The timeline isn't supposed to be demonstrating a causal connection, it's demonstrating contrastive histories. You're also conflating explicit and implicit influences here with your Jim Davis comparison -- sure, so far as we know, Jim Davis wasn't a CIA asset or something, but the market-forward approach of Garfield obviously emerges from capitalist American ideology, and I don't see what problem there is with at the very least seeing Garfield's passive lasagna-eating as mimetic of American consumer complacency. The connection is not "invented," culture emerges from these conditions, it reflects aspects of the society that created it.
As for "conspiracy thinking"... you may have come to the wrong place with that language as a put-down, because this is an ardently and openly pro-conspiracy blog:
"The relationship between a pet and an owner is an inherently limited one, both by simple realities of cognition and by the animal’s status as property. DOGTV is born from the same loveless system of dehumanization as most other products today, a flawed component in a machine that’s increasingly inclined to use our bond with dogs to define and enforce new inhumanities. It was never for the dogs. Like most non-essential pet products, it exists for the owners, those that feel insecure in their relationship to their pets, hoping that mutually consuming enough content will fundamentally deepen and secure their connection. To make a very long story short, money can certainly help in finding love, but it still cannot buy it, even from a dog."
damn man
And don’t even get me started about cats!
Hilarious and disturbing. And encyclopedic. Thanks.
That’s the trifecta I typically shoot for, thank you.
Glad you enjoyed!
The brown.edu link is broken, I need to know how the pet food lords killed Allende that's CRAZY
They had a chicken feed processing plant down there that was apparently one of the first American companies expropriated.
https://www.ebsco.com/research-starters/history/itt-actions-cause-suspicion-involvement-chilean-coup#:~:text=3.%20Most%20of%20the%20key%20cabinet%20posts%20went%20to%20communists.%20On%20November%2020
Slightly better detail here
https://library.brown.edu/create/modernlatinamerica/chapters/chapter-10-chile/figures-in-chilean-history/#:~:text=Corporate%20executives%20from,the%20Chilean%20economy.

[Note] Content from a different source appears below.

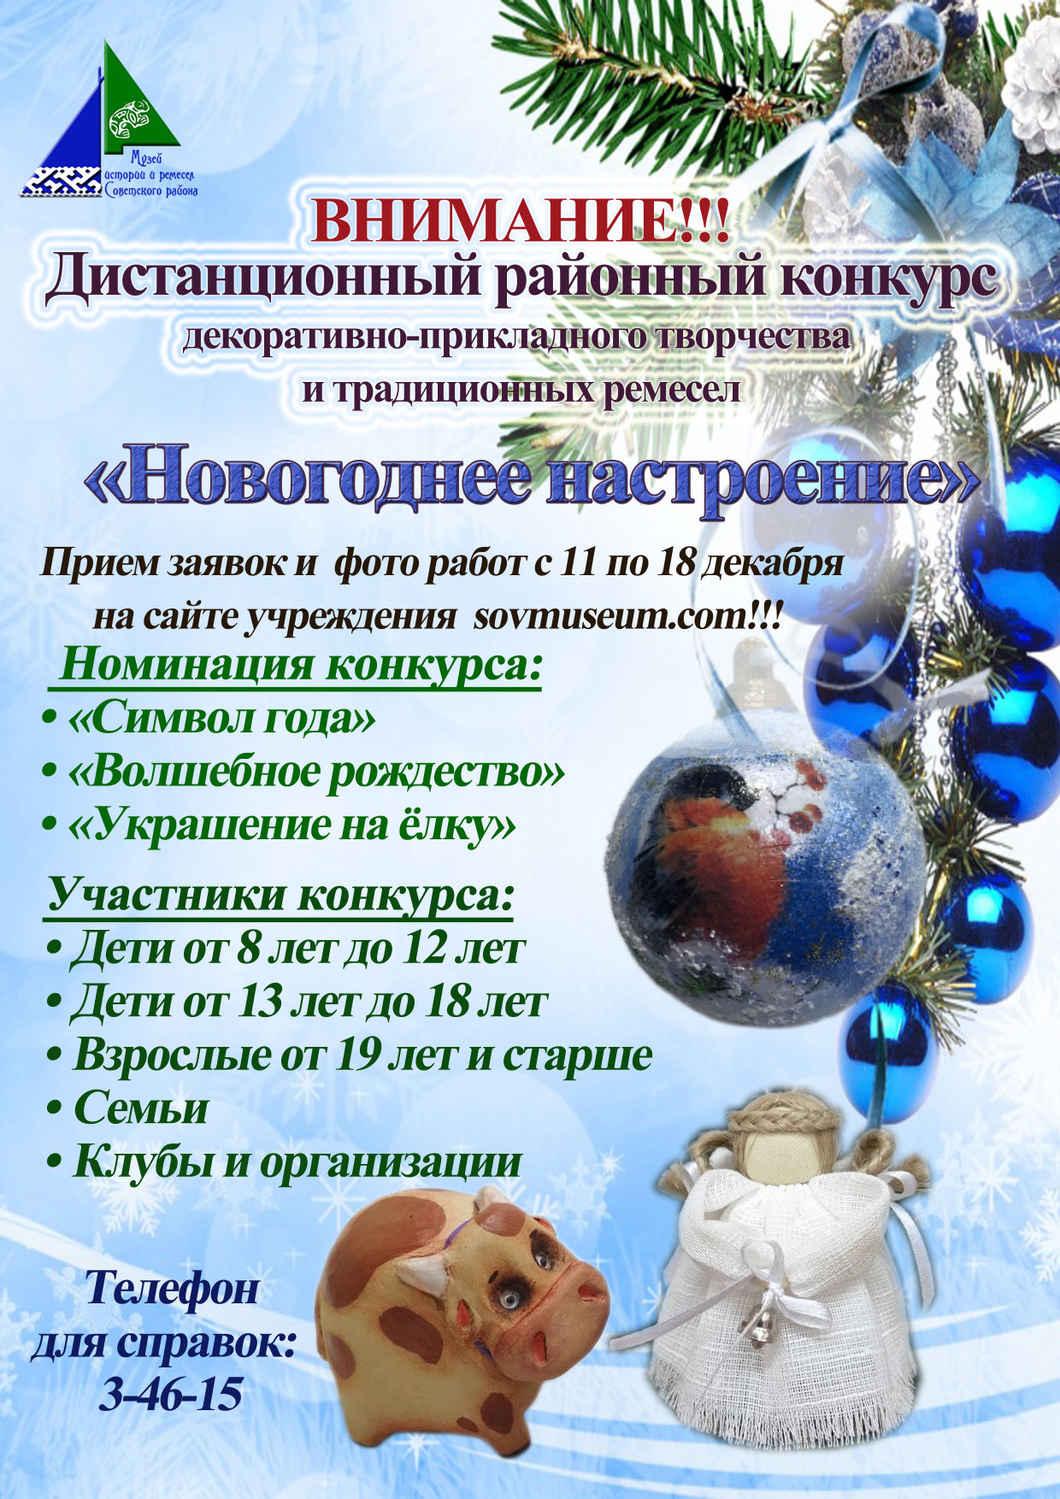 Дистанционный конкурс «Новогоднее настроение»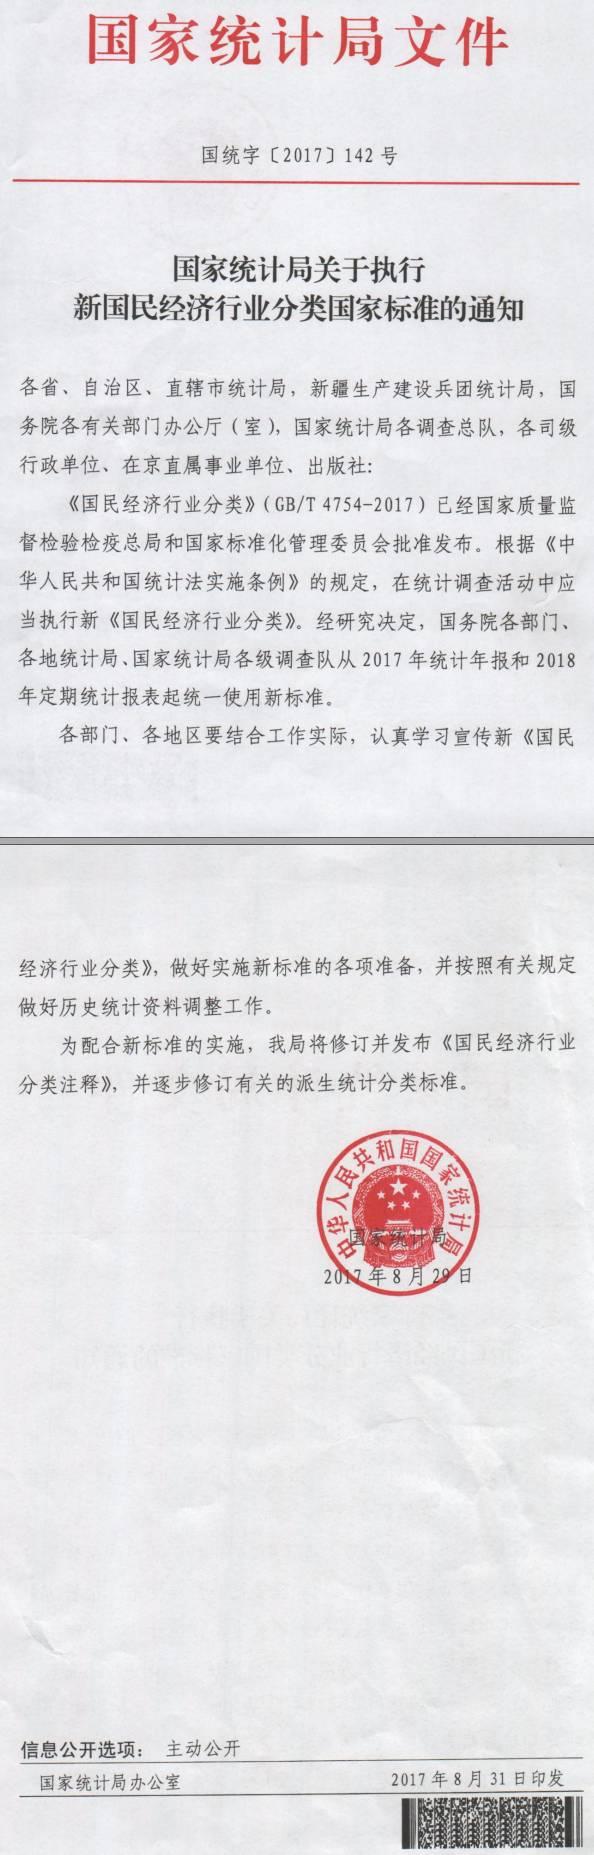 国统字〔2017〕142号《国家统计局关于执行新国民经济行业分类国家标准的通知》

Was missing the "L" in library!
james this rocks
I’ll be honest, the timeline section REALLY undermined the piece for me. Arranging facts in sequence isn’t the same as demonstrating a causal connection, and is the structure of conspiracy thinking even when individual facts check out. Pavlov, Pinochet, Abu Ghraib, and IDF dog units are all real, but juxtaposing them with a dog streaming service doesn’t make DOGTV a node in a system of dehumanization. You could apply the same method to argue that Garfield (the cat comic strip) is a Pentagon psyop: it was launched in 1978 during the Cold War, its creator Jim Davis has said in interviews that he designed it for mass merchandising rather than artistic expression, and its passive lasagna-eating protagonist arguably normalized American consumer complacency during the Reagan era. Every fact there is true but the connection is invented.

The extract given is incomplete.